The goal of NEUCosmoS is to unravel some of the most severe inconsistencies that are currently threatening the so-far very successful standard model of cosmology (ΛCDM). The most critical one is the growing difference in the measurement of the expansion rate of the universe today, the Hubble constant from different observables. In particular, early-time probes such as the Cosmic Microwave Background prefer values of H0 which are lower than those from late-time ones, such as Supernovae Ia calibrated through Cepheids. Additional discrepancies are also present in the amplitude of matter perturbations, σ8, and in other fundamental parameters, such as the curvature of the universe. These anomalies, if confirmed, will have revolutionary implications for physics.
NEUCosmoS aims at providing new, ground-breaking insight into these issues through the development of a robust analysis pipeline to extract some of the most precise cosmological information from one of the forefront CMB experiments: the South Pole Telescope 3rd-Generation (SPT-3G).
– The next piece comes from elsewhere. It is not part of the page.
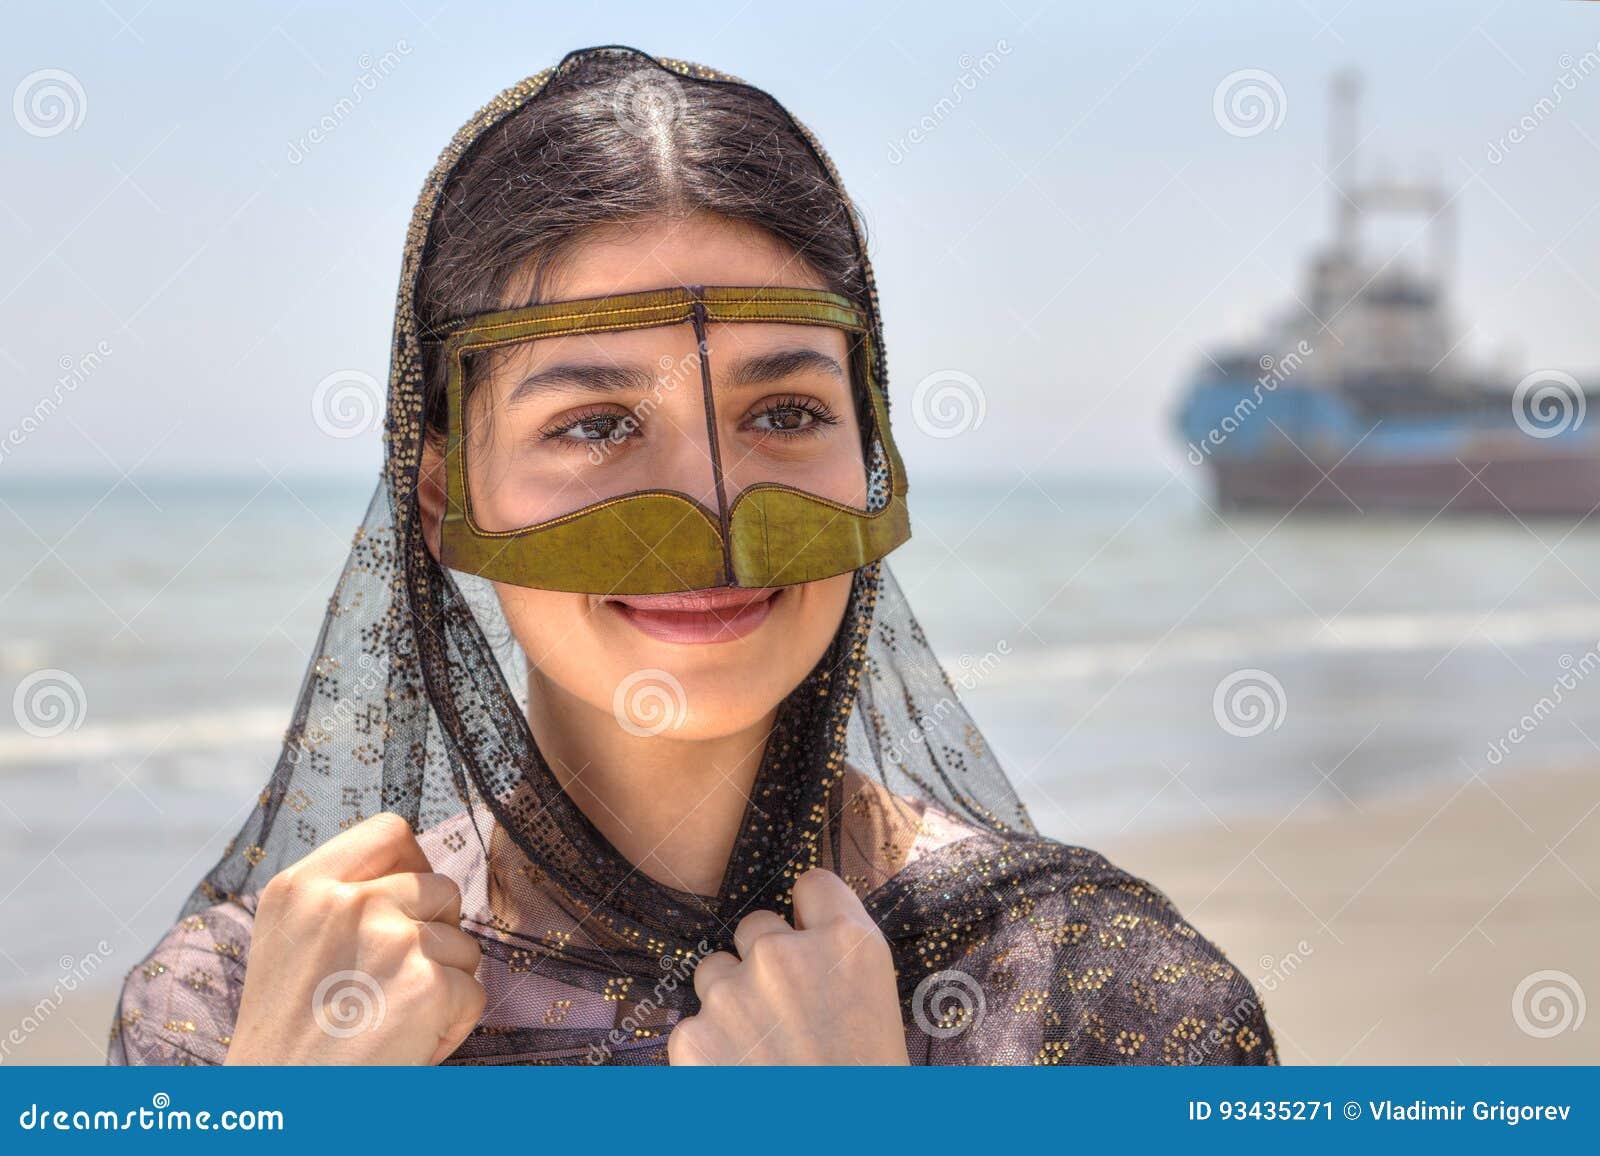 🌷 iranian teen girl

SPT-3G will measure the CMB small-scale polarization with unprecedented accuracy over the next 5 years, opening an entirely new window in CMB cosmology, with potentially original discoveries on its own. However, this statistical power will be useless without an analysis able to guarantee robustness against systematic effects, which the NEUCosmoS team is an expert on. NEUCosmoS will lead this effort within the SPT collaboration, opening a unique opportunity of European access to the SPT-3G data.
NEUCosmoS will provide a data-analysis pipeline which will be able to fully exploit the highly sensitive SPT-3G data, building upon the group’s Planck experience and tools, adapting them to the new challenge. The NEUCosmoS team will drive the interpretation of current and future hints of new physics in a reliable way, with statistical power comparable to the Planck satellite. In combination with Planck, SPT-3G data is expected to double the constraining capability. This will pave the way to a future contribution by Europe to the next-generation of CMB experiments.